In a word . . . Mayo

I’m losing my favourite game, I’m losing my mind again . . .

 

It is a mantra of mine that some of the best writing in this newspaper is in the sports section. And not alone at the weekends. Indeed the article I speak of here appeared on Friday, August 25th last.

Former Kilkenny hurler Jackie Tyrrell wrote about the unbearable feeling of losing in an All-Ireland final. “Nobody needs to remind you of the ones you lost. They stay with you and come to mind far quicker.
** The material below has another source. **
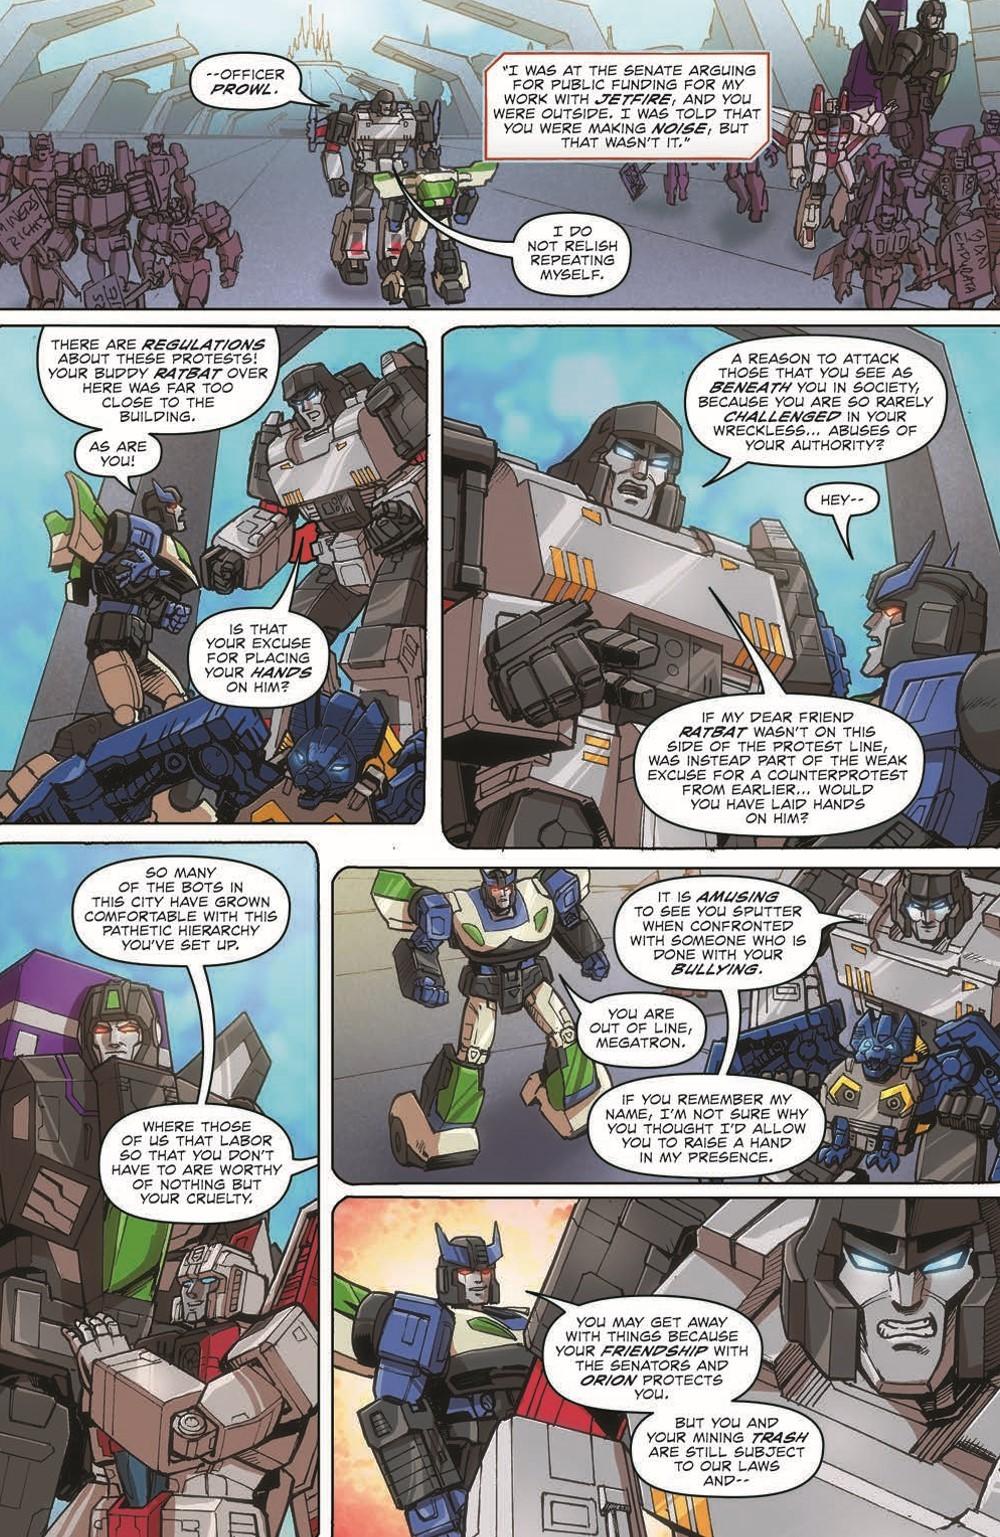 TF_ShatGlass02-pr-7 ComicList Previews: TRANSFORMERS SHATTERED GLASS #2 (OF 5)

That shapes the person you are to a certain extent.”

In his own case he was on losing Kilkenny sides in 2004, 2010, and 2016. He reflects that “the heartbreak of those days will jump straight into my mind” and wishes the memory of his hurling career was about “happy days of winning All-Irelands in Croke Park”. Instead, “it is laced with hurt and it means you can’t fully luxuriate in the years we won. That’s the best way I can describe what losing a final does to you.”

I could only think of Mayo. What heartbreak has that county, its supporters and senior footballers endured? On Sunday, Mayo will be in its 11th All-Ireland final, including two replays, since 1989. It has lost all.
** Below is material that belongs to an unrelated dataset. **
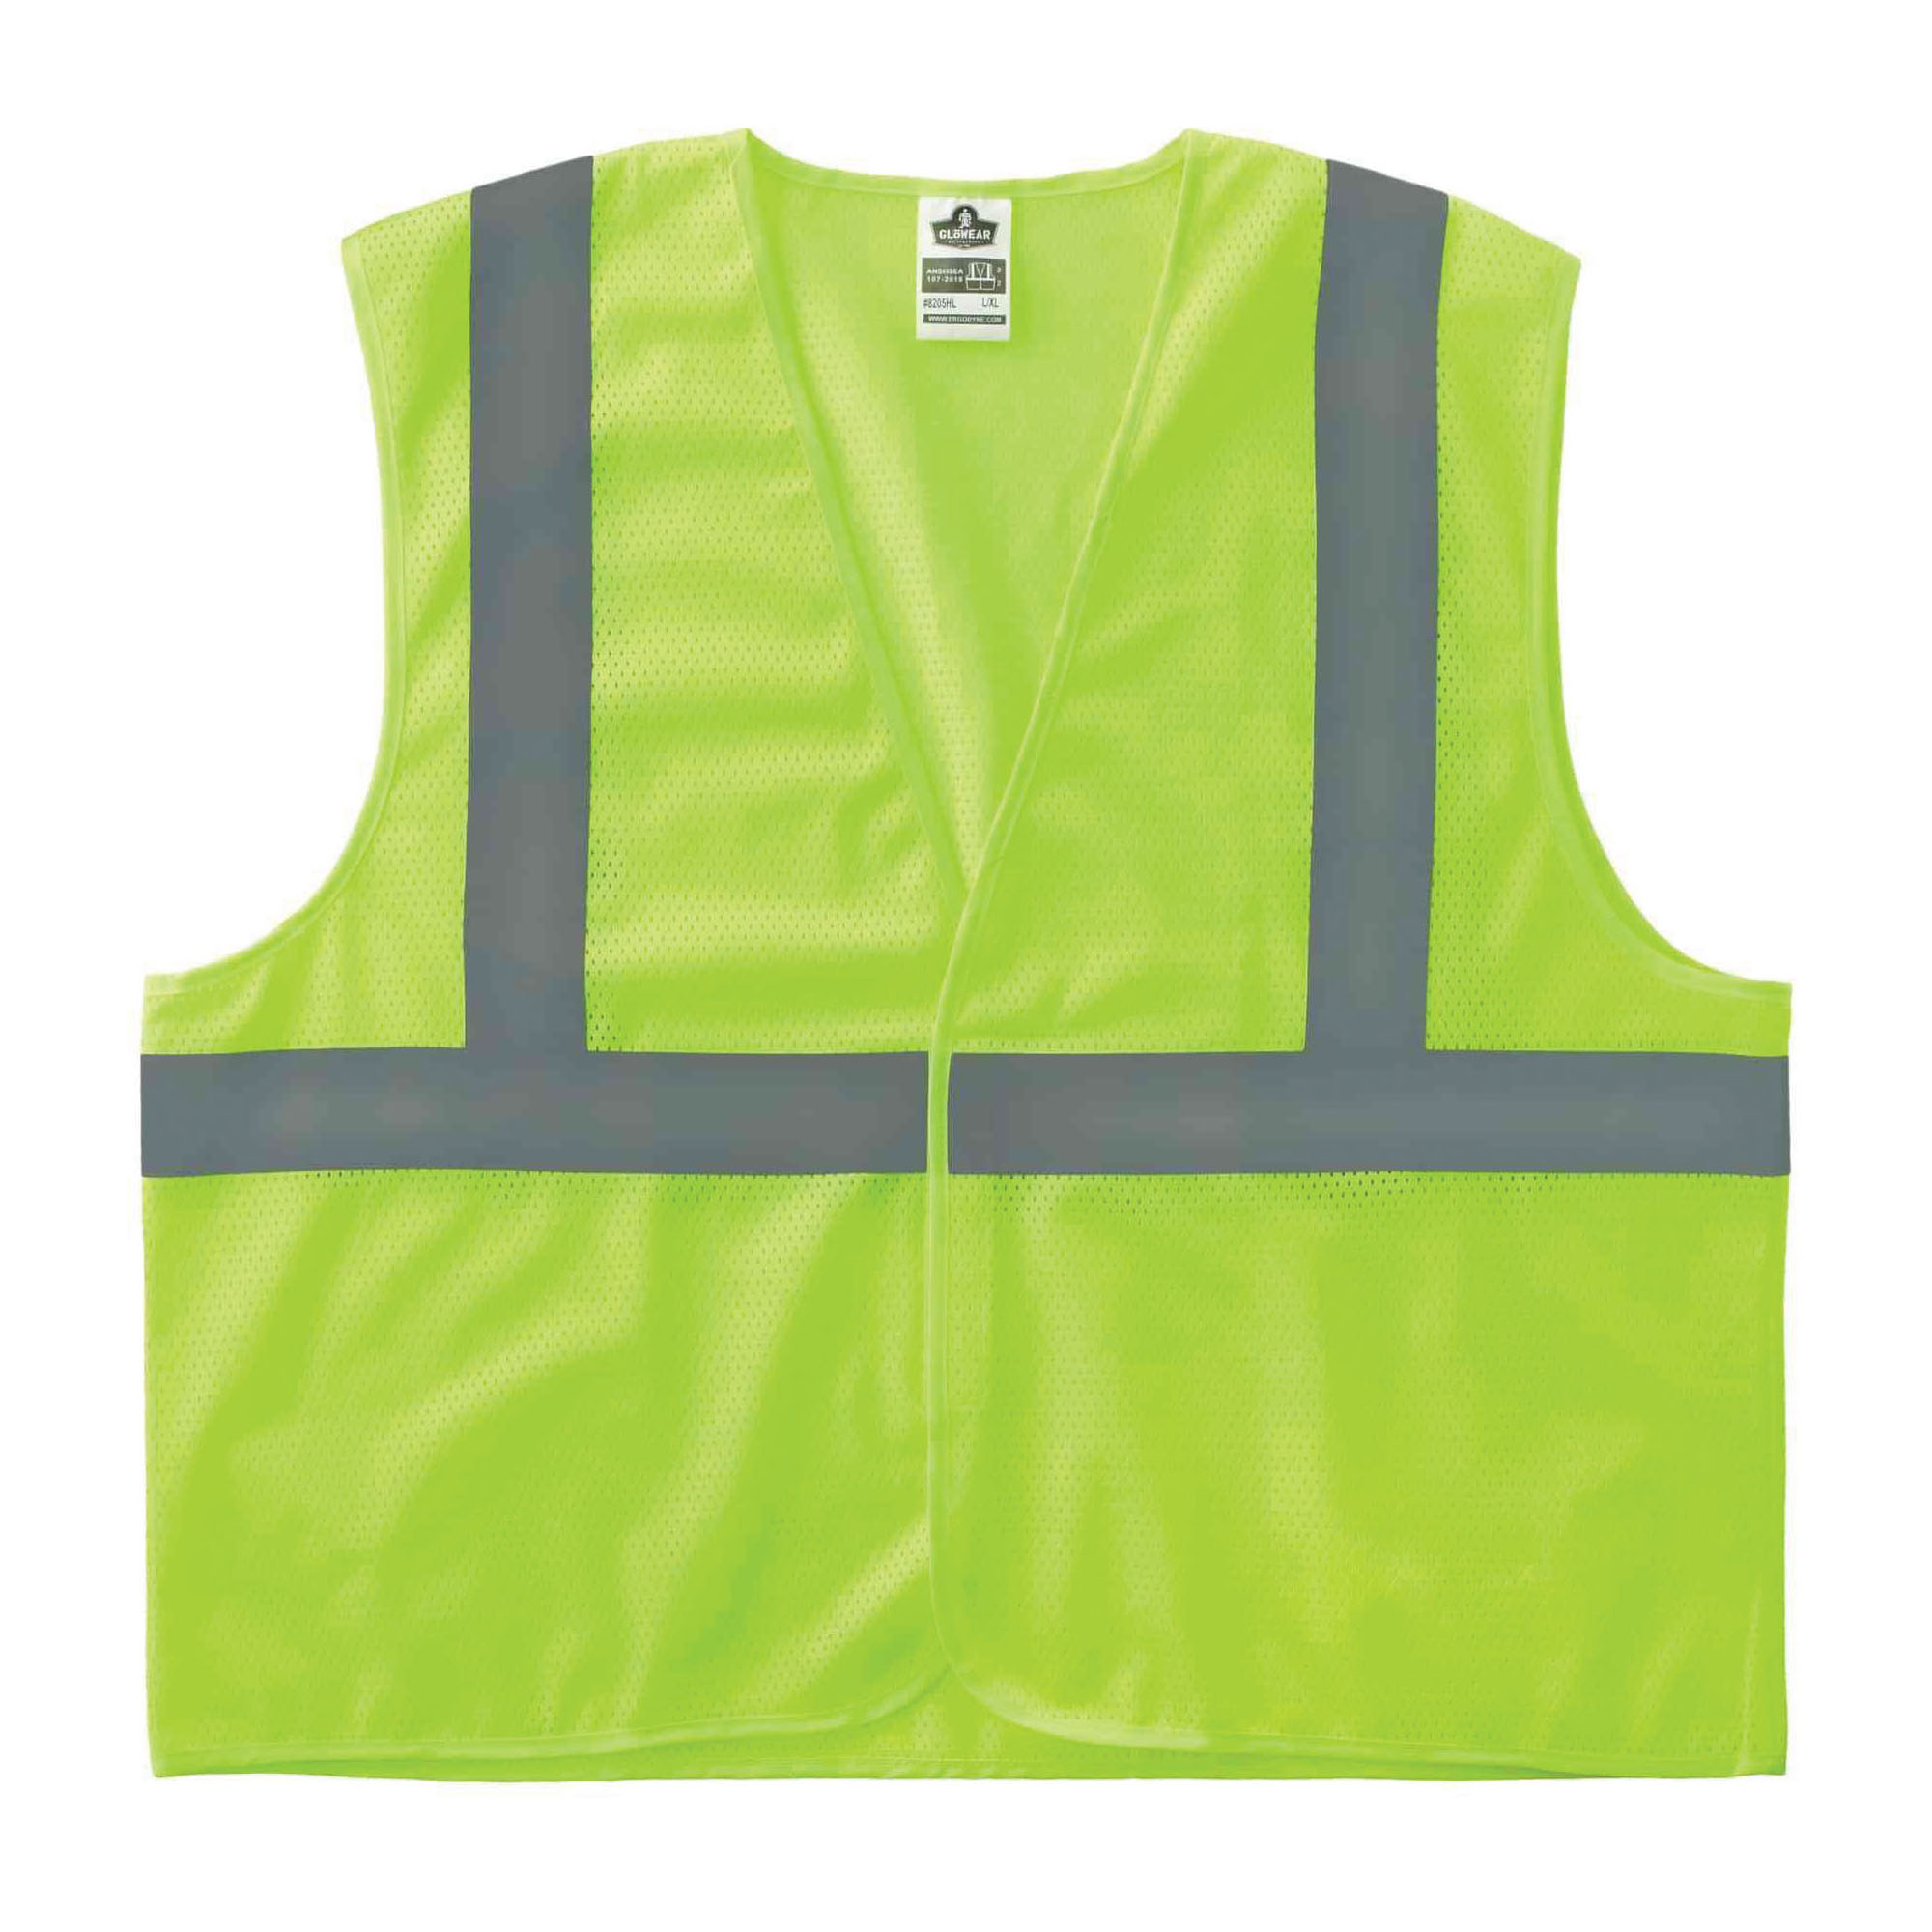 GloWear® 8205HL Super Econo Vest, Hi-Viz Orange, Polyester Mesh, Hook and Loop Closure, ANSI Class: Class 2, Specifications Met: ANSI/ISEA 107-2015 Type R, Lime or Orange, Various Sizes

For one man it ought to be crushing. I speak of the great Andy Moran. Now 33, he lost his first All-Ireland with Mayo 13 years ago, in 2004. It happened again in 2006. He missed out through injury in 2012. Then there was 2013, and last year those two games, including a replay, against Dublin.

Such relentless sacrifice ought to have made a stone of his heart. But not with Andy Moran. He remains the ultimate optimist, tried, tested, still hoping. Other long-serving members on the current Mayo side include Keith Higgins and David Clarke, both there since 2006, and Alan Dillon who has been on and off since 2004.
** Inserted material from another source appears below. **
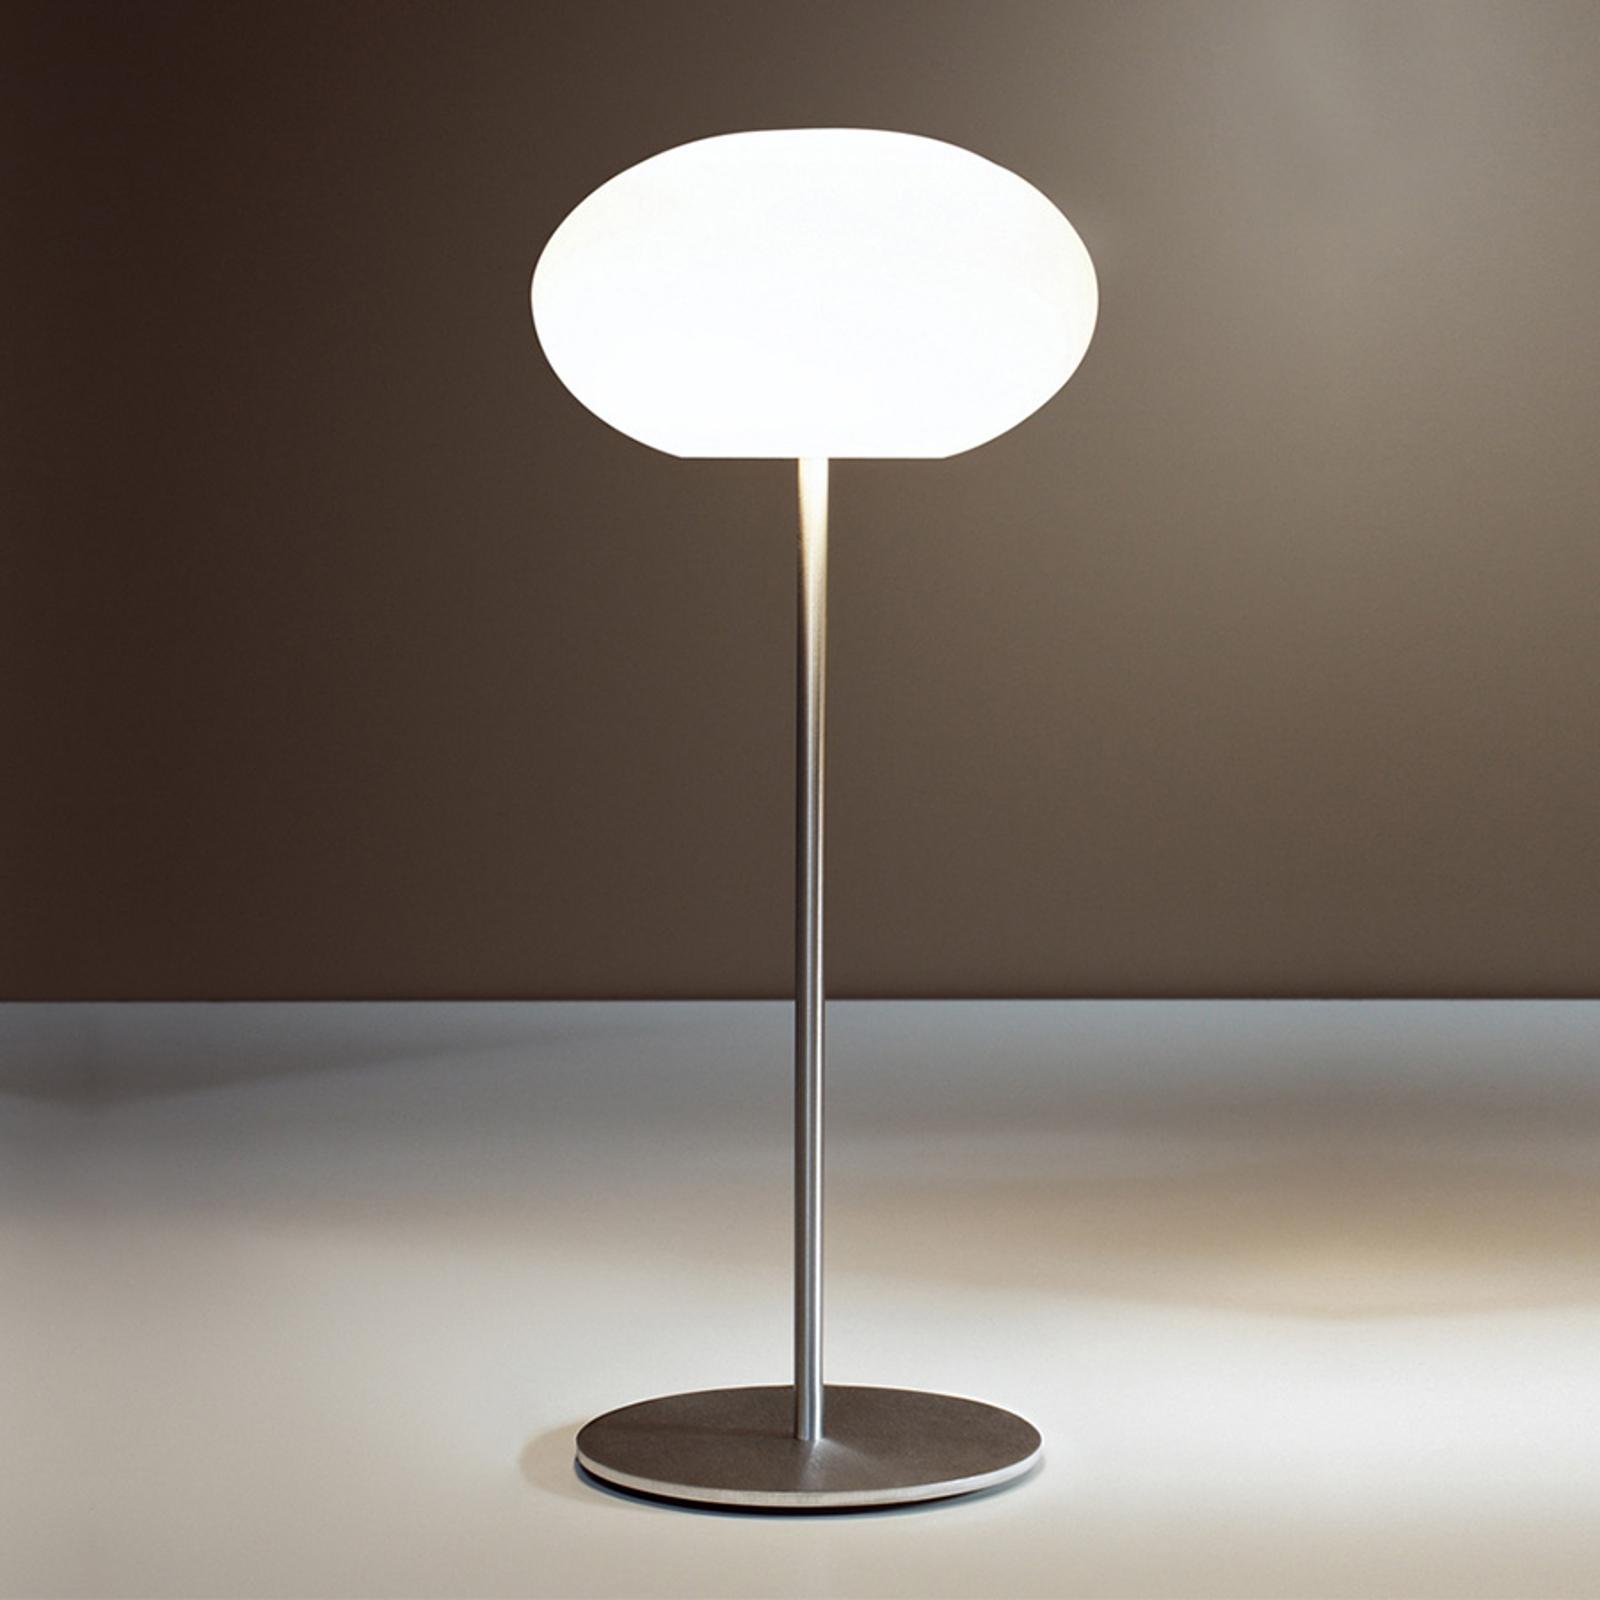 Casablanca Aih bordslampa, Ø 19 cm vit blankt

Remorseless disappointment on this scale would have destroyed lesser men but they, like Mayo’s fiercely loyal supporters, go on and on through the slings and arrows of an outrageous fate.

Were there justice, it could not be so. But this is sport, the cruellest domain. While wishing no ill on this magnificent Dublin side, a tilt towards balance in the natural order makes it a requirement that Mayo wins tomorrow.

Mayo, Mhaigh Eo, “plain of the yew trees”.